**Problem to solve**
Below are the entries. Print only the lines starting at the one with "Aventura Clothing Short" and ending at the one with "Джинсы Wrangler Regular", exactly, with no pictures.

**The data**
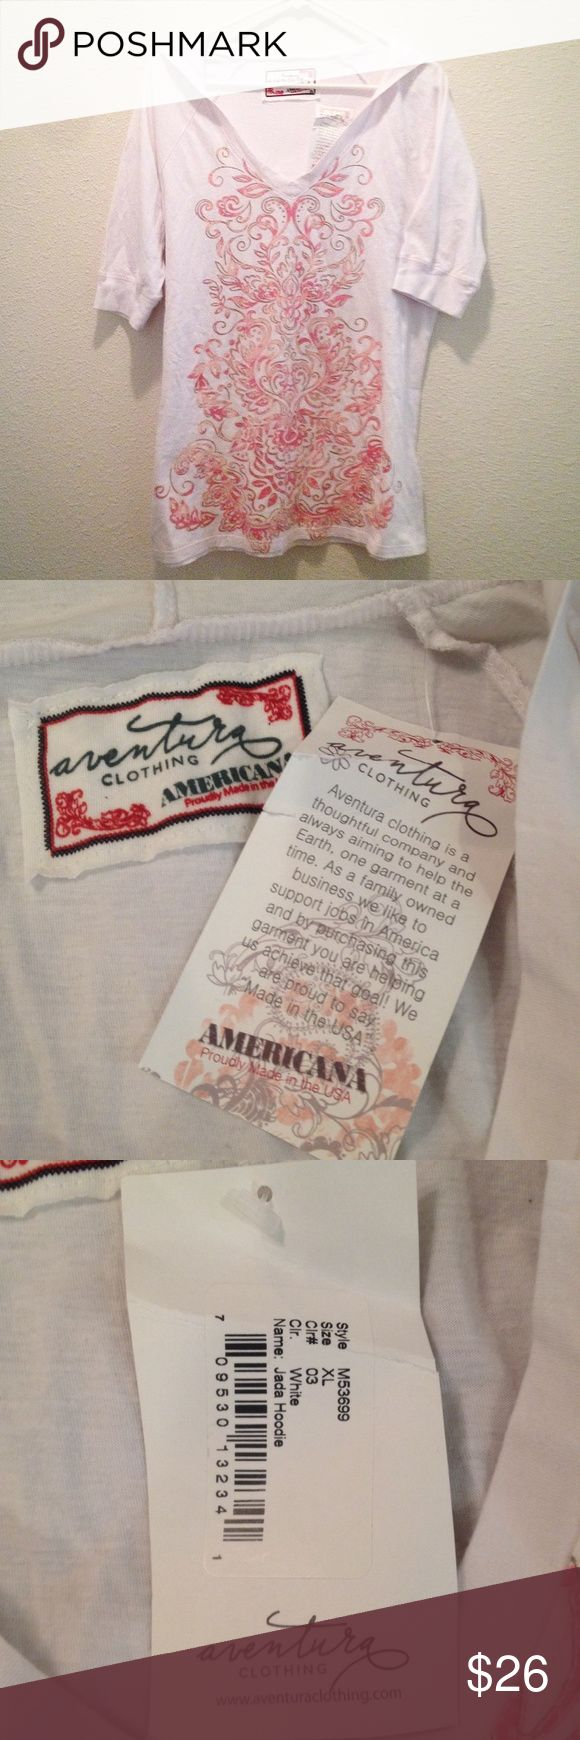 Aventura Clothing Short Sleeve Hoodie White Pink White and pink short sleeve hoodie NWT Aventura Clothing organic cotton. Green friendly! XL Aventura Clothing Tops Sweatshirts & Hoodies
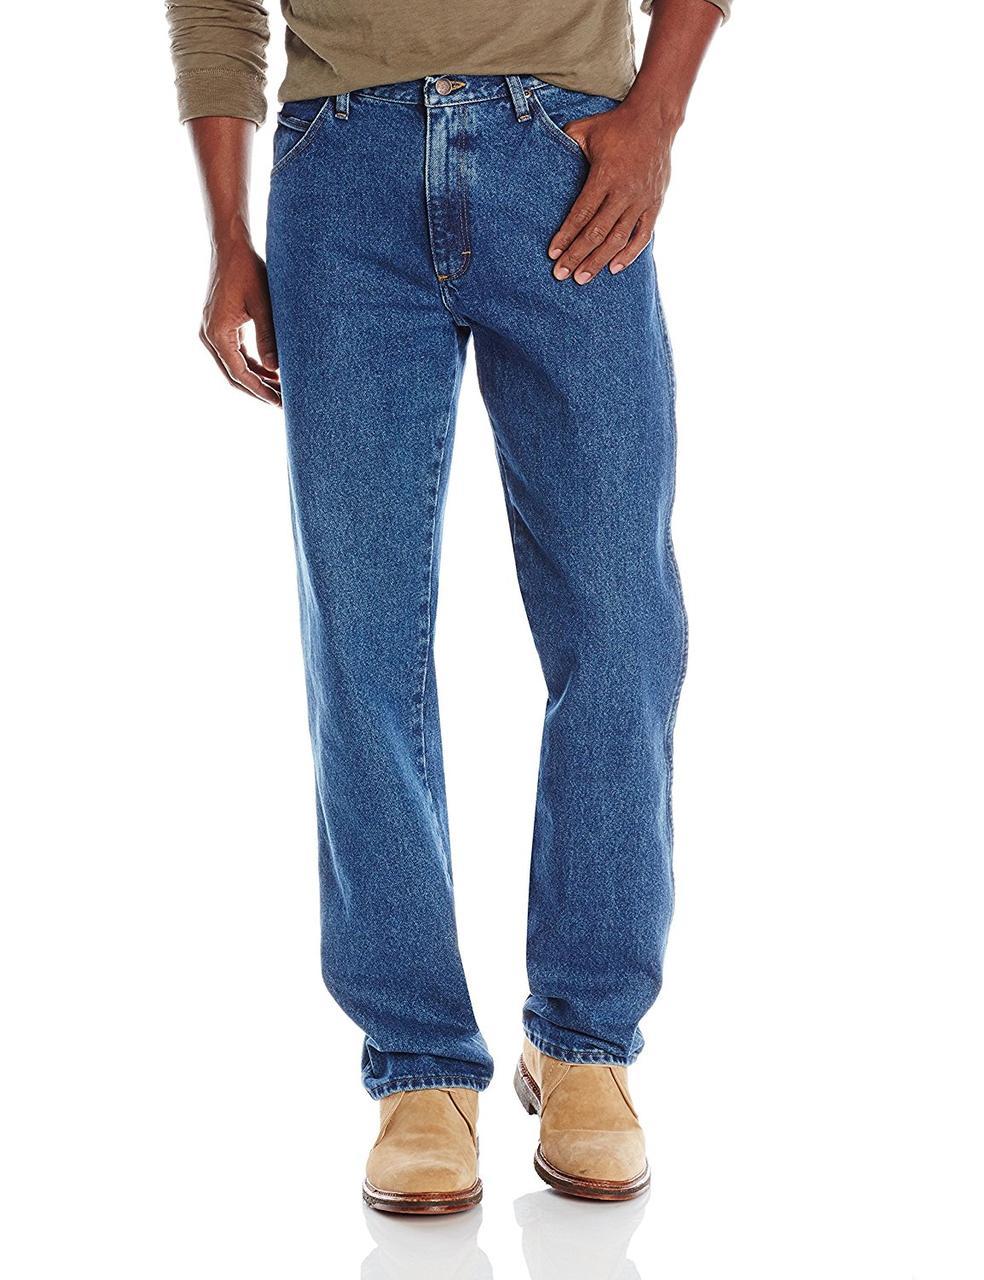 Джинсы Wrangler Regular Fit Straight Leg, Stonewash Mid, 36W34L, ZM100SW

---

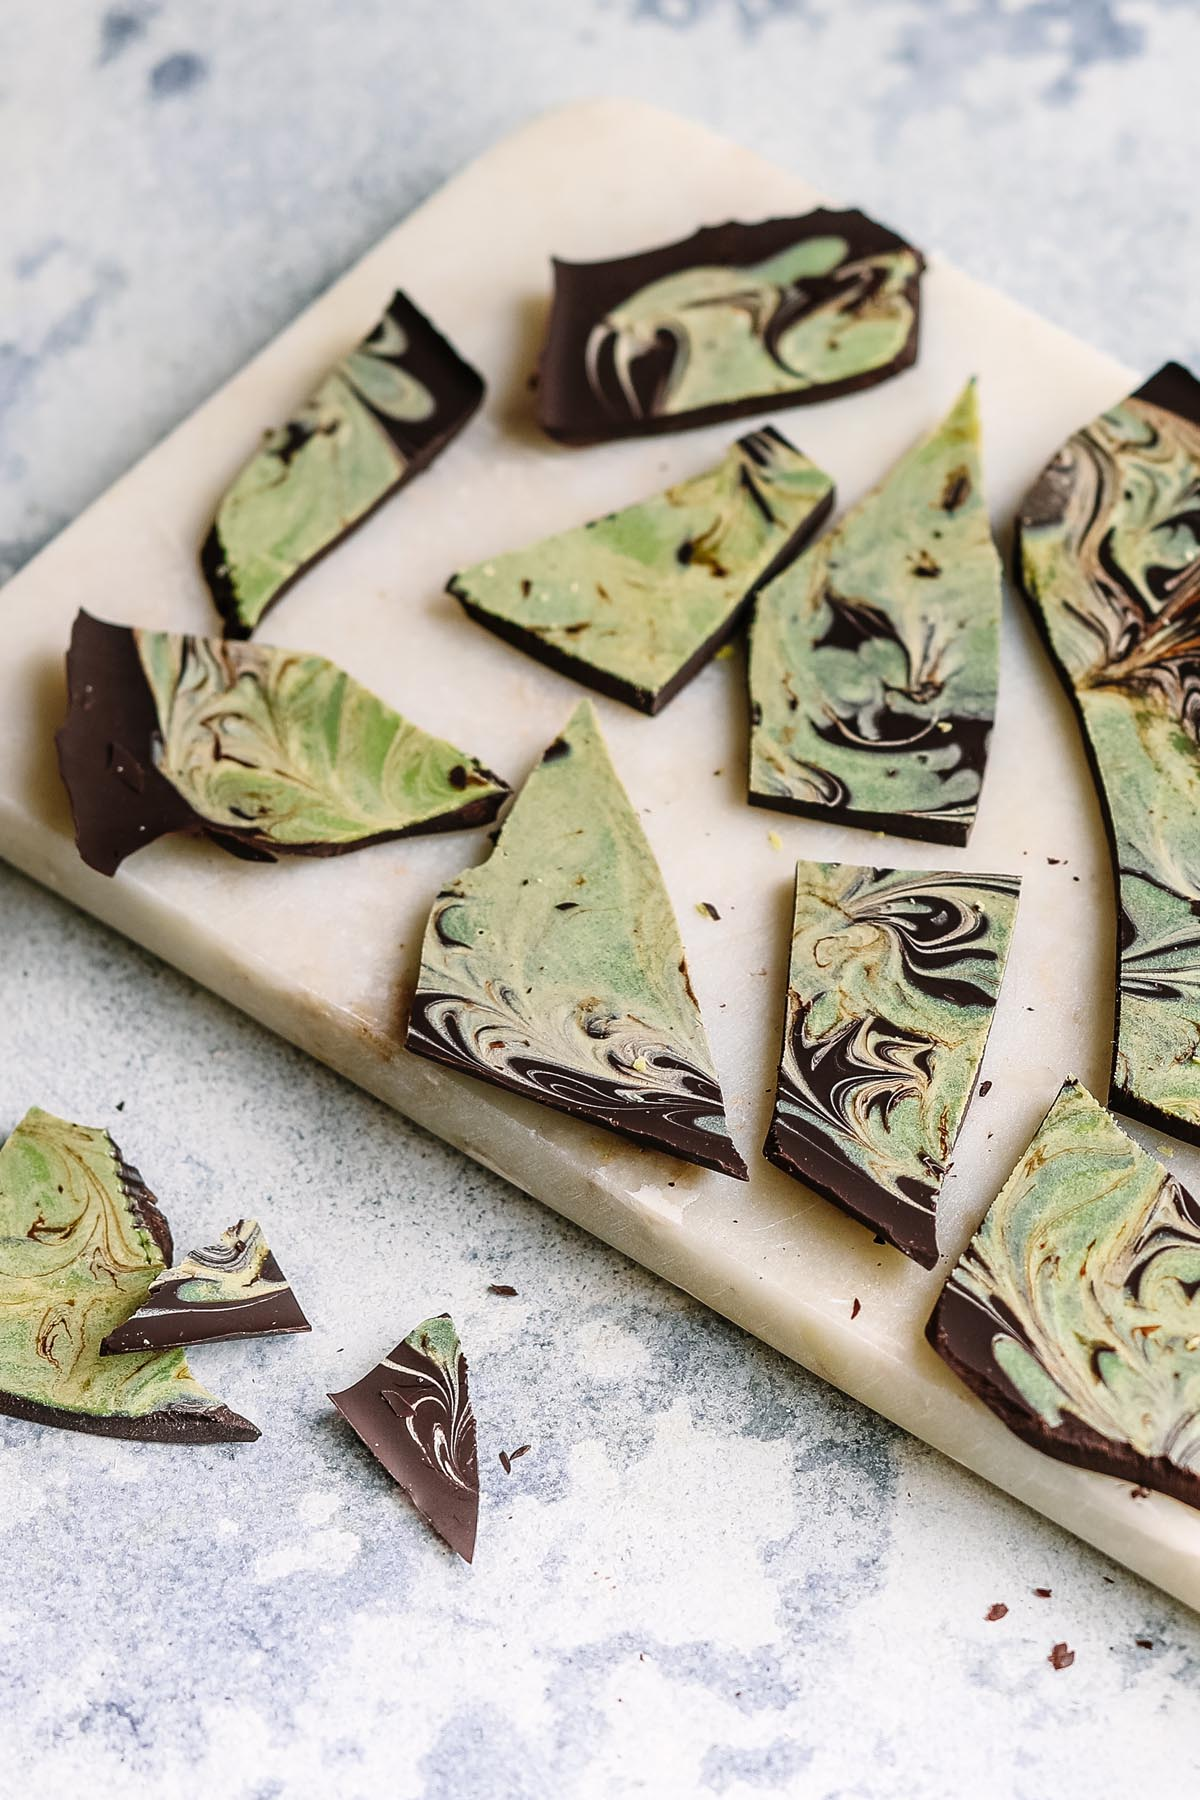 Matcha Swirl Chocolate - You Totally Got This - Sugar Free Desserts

...

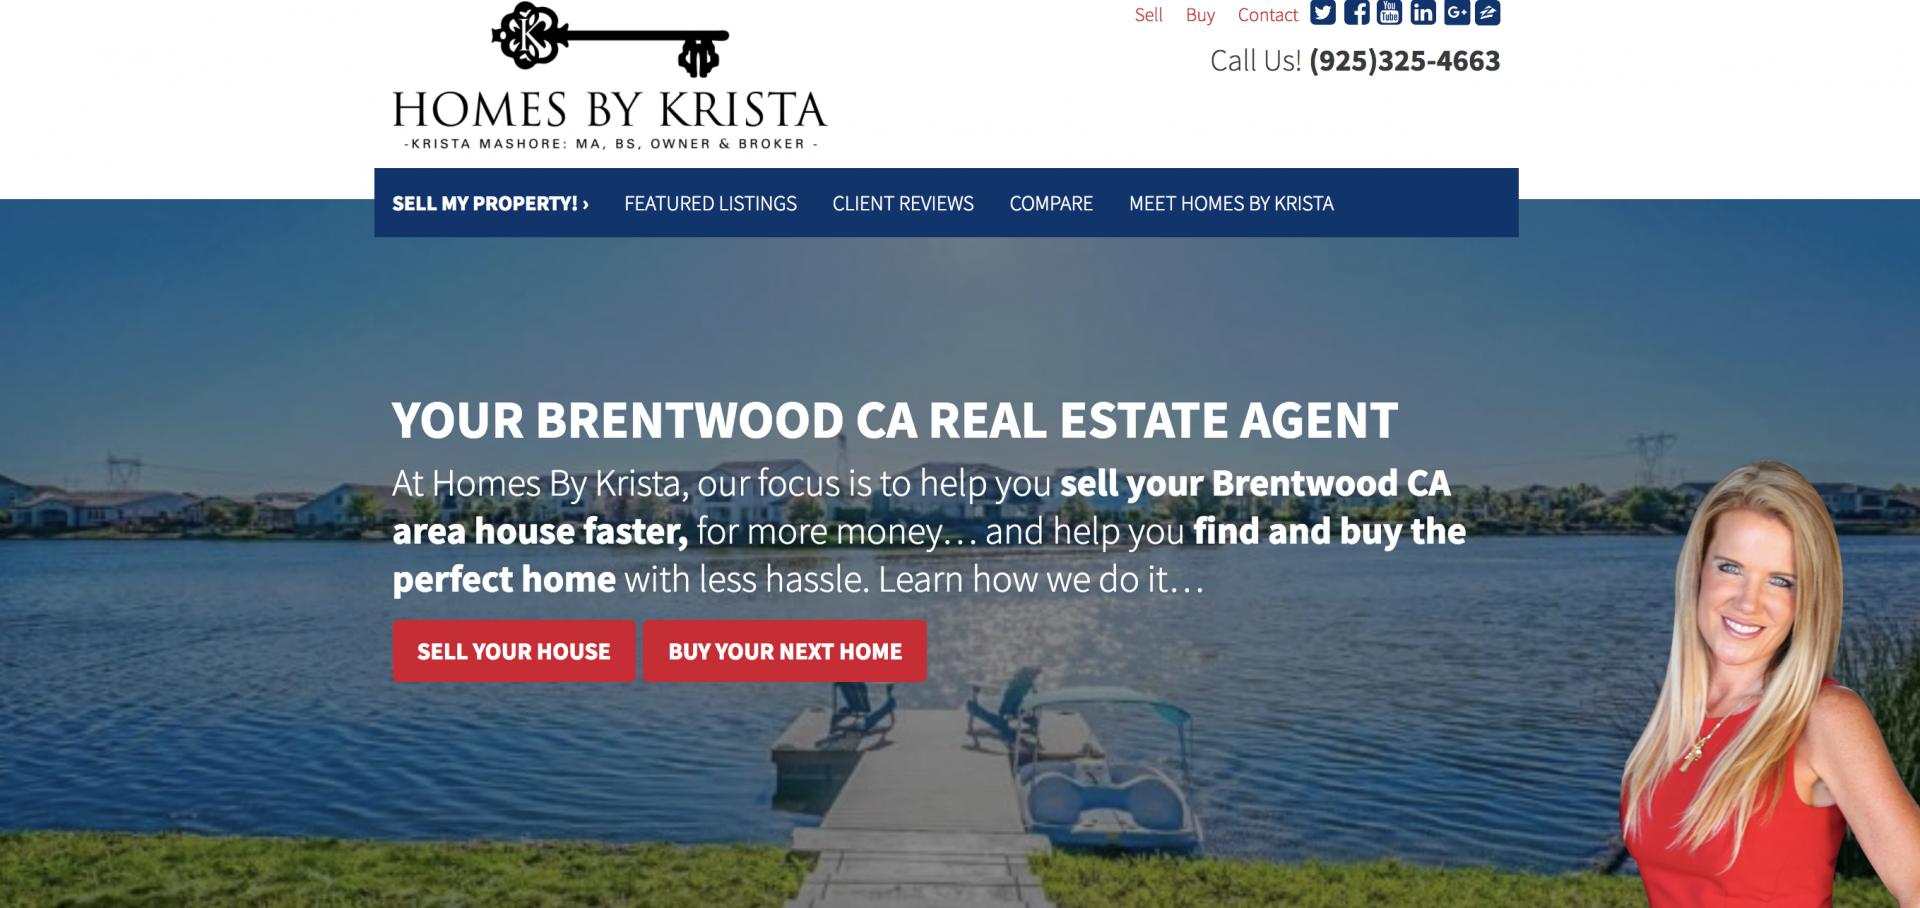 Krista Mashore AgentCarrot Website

**Result**
 Aventura Clothing Short Sleeve Hoodie White Pink White and pink short sleeve hoodie NWT Aventura Clothing organic cotton. Green friendly! XL Aventura Clothing Tops Sweatshirts & Hoodies
 Джинсы Wrangler Regular Fit Straight Leg, Stonewash Mid, 36W34L, ZM100SW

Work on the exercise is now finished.